Os Holandeses No Nordeste
No
século 17 a Holanda vivia um surto de liberdade e progresso, livre das
âncoras de atraso que perduravam em outras regiões da Europa. A sua
sociedade, a sua economia e as artes (que incluiam uma pintura de grande
beleza e altíssimo nível artístico) experimentavam os benefícios de um
capitalismo moderno, comandado pela ambição de uma poderosa burguesia.
Uma expressão emblemática dessa nova economia era o ramo holandês da
Companhia das Índias Ocidentais - hoje a chamaríamos de empresa
transnacional - que estendia seus tentáculos pelo mundo e controlava
grande parcela do comércio entre Oriente e Ocidente. Um Conselho de
dezenove membros designou como Governador de Pernambuco o Príncipe João
Maurício, Conde de Nassau.
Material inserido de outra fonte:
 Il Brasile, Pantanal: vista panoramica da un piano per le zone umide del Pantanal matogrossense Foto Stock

Foi uma escolha auspiciosa para o Brasil,
porque se tratava de um amante das artes, um talento versátil e
competente, com profundo interesse pelo Novo Continente.
Em
1637 inaugurou seu governo com diretrizes bem diferentes daquelas dos
colonialistas portugueses, decretando “Liberdade de Religião e de
Comércio”.
De sua comitiva constavam comerciantes, artistas, urbanistas, cidadãos alemães e flamengos. Há notícias de que teria vindo acompanhado de seis pintores, porém não temos registros de todos.
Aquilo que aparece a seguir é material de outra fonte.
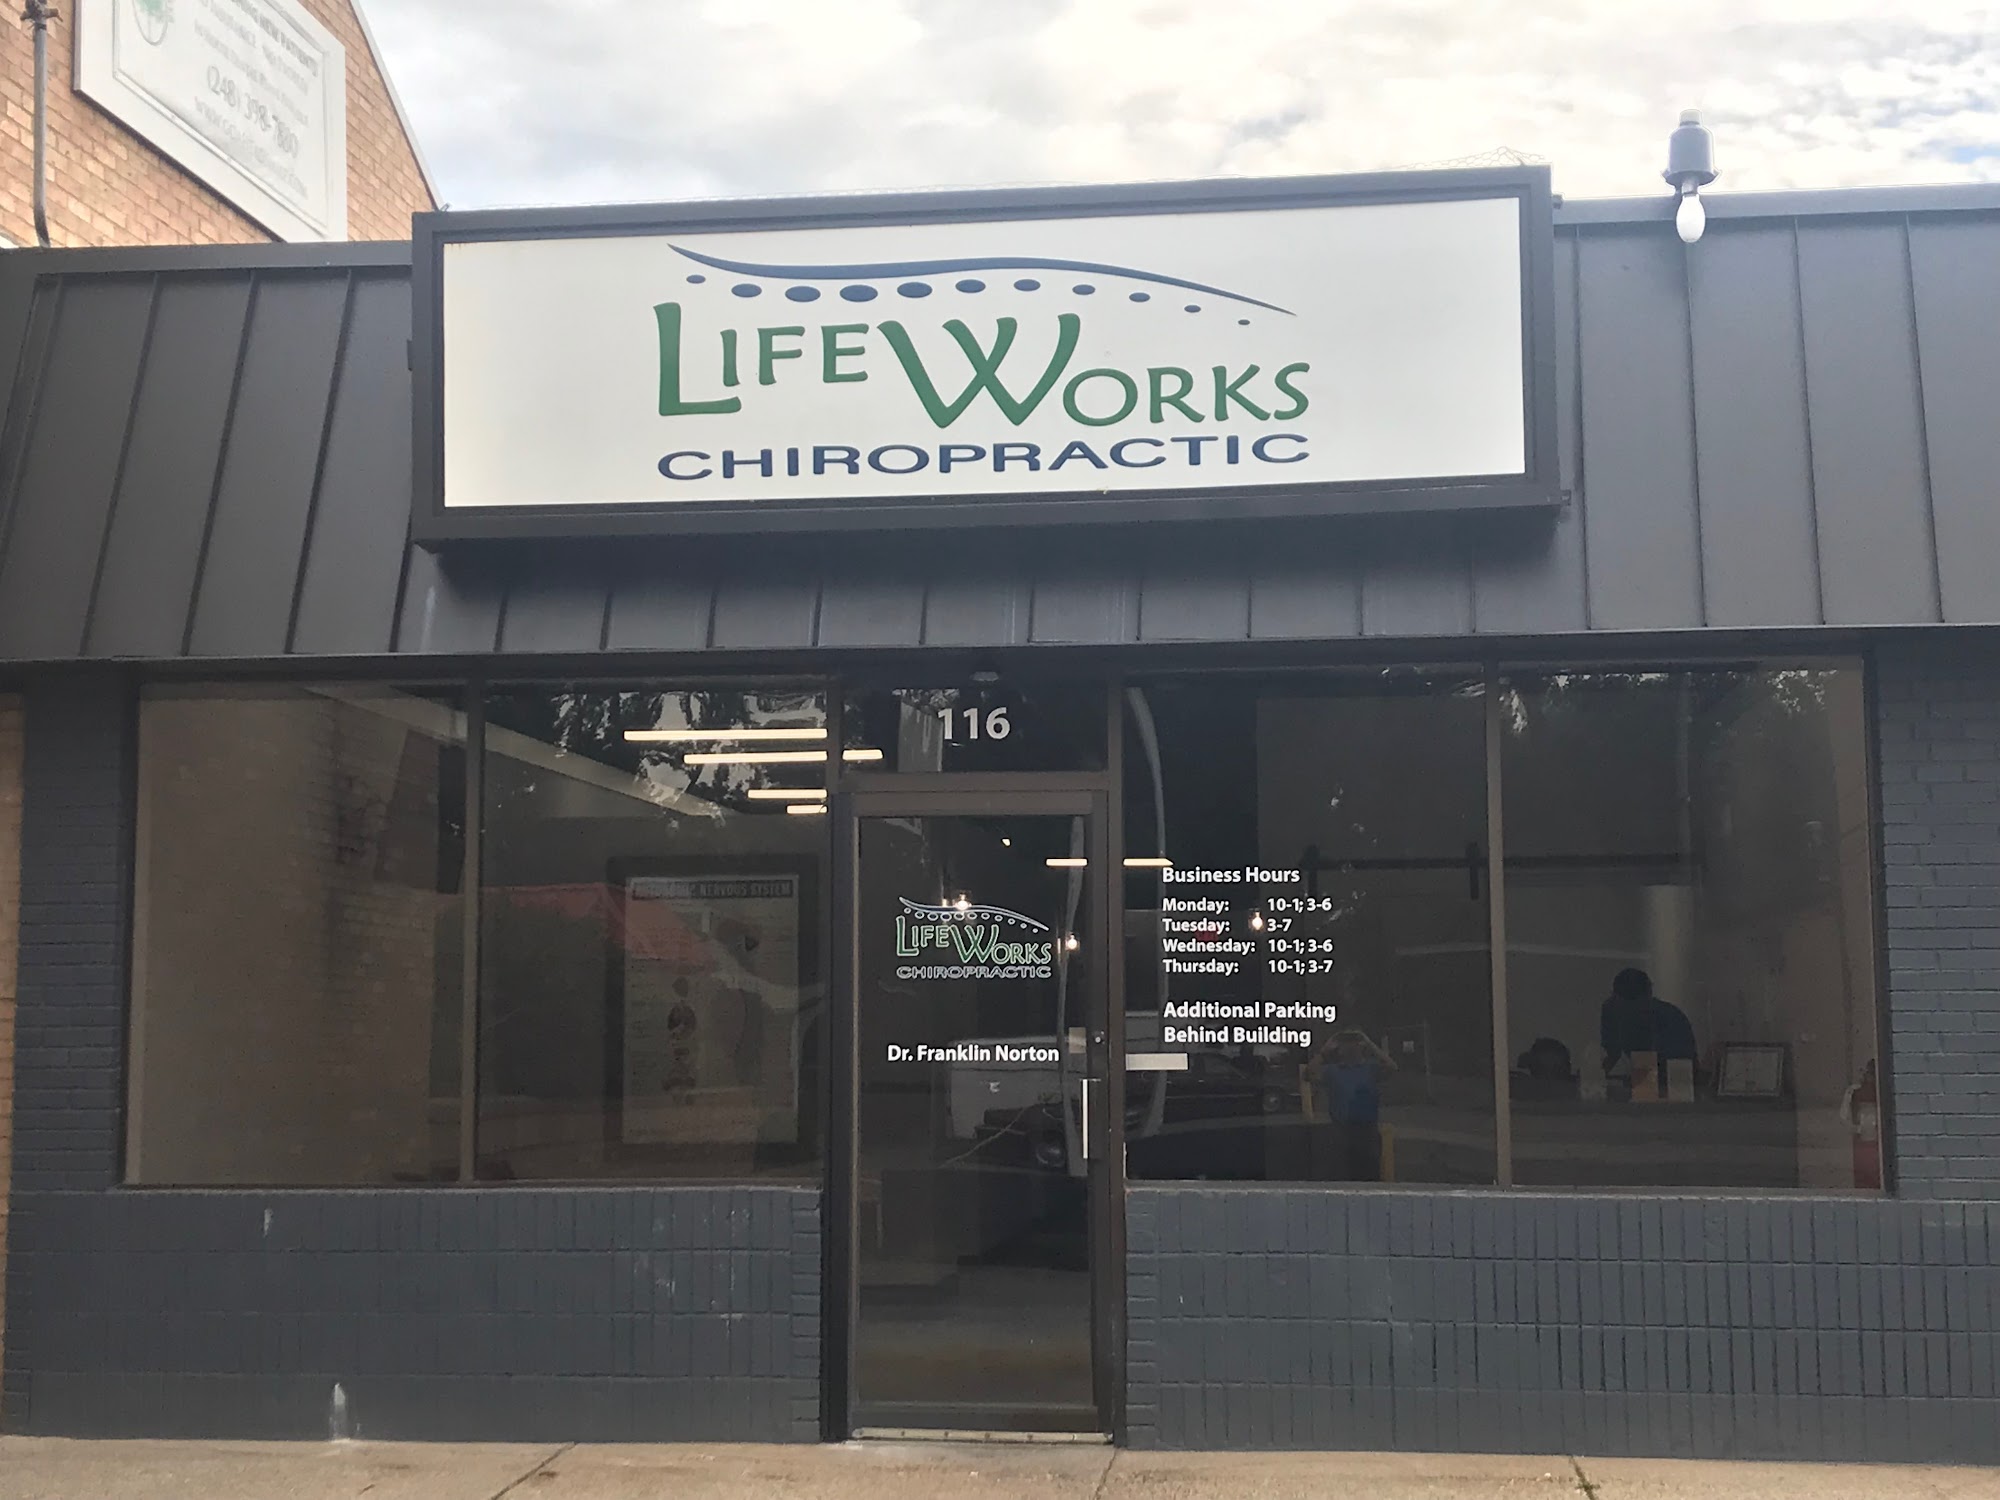 LifeWorks Chiropractic

De sua comitiva constavam comerciantes, artistas, urbanistas, cidadãos alemães e flamengos. Há notícias de que teria vindo acompanhado de seis pintores, porém não temos registros de todos.
Como
assinala Gilberto Freyre, “... O certo é que o primeiro gosto de
governo democrático e largamente representativo, experimentaram-no os
brasileiros durante o domínio holandês e sob a administração de um
príncipe alemão da casa de Nassau, João Maurício. Foi também Nassau quem
se esmerou em criar no Brasil holandês um ambiente de tolerância
religiosa escandalosamente novo para a América portuguesa e irritante
para os próprios calvinistas do seu séqüito. Nassau foi quem primeiro
cuidou sistematicamente de libertar a economia da área brasileira
produtora de açúcar, da monocultura, para desenvolver entre nós a
policultura”...(in J.A . Gonsalves de Mello, Tempo dos Flamengos, pág.
17). Foi também no Recife sob domínio holandês que se afirmou uma parte
importante da cultura israelita - muitos judeus ibéricos haviam antes
buscado refúgio na Holanda - e nesse solo brasileiro se implantou a
tradição dos judeus, especialmente dos sefarditas, que daqui seria
irradiada para o norte do Continente Americano. Existem registros de que
em 1636 uma sinagoga estava sendo erguida na cidade.
Muitos
judeus holandeses encontravam-se ligados às atividades comerciais da
Companhia das Índias, o que naturalmente os encaminhou para o Novo
Mundo. Um judeu erudito de Amsterdã, Aboab da Fonseca, chegou ao Recife
em 1642, tornando-se o primeiro rabino em solo nacional e no Continente.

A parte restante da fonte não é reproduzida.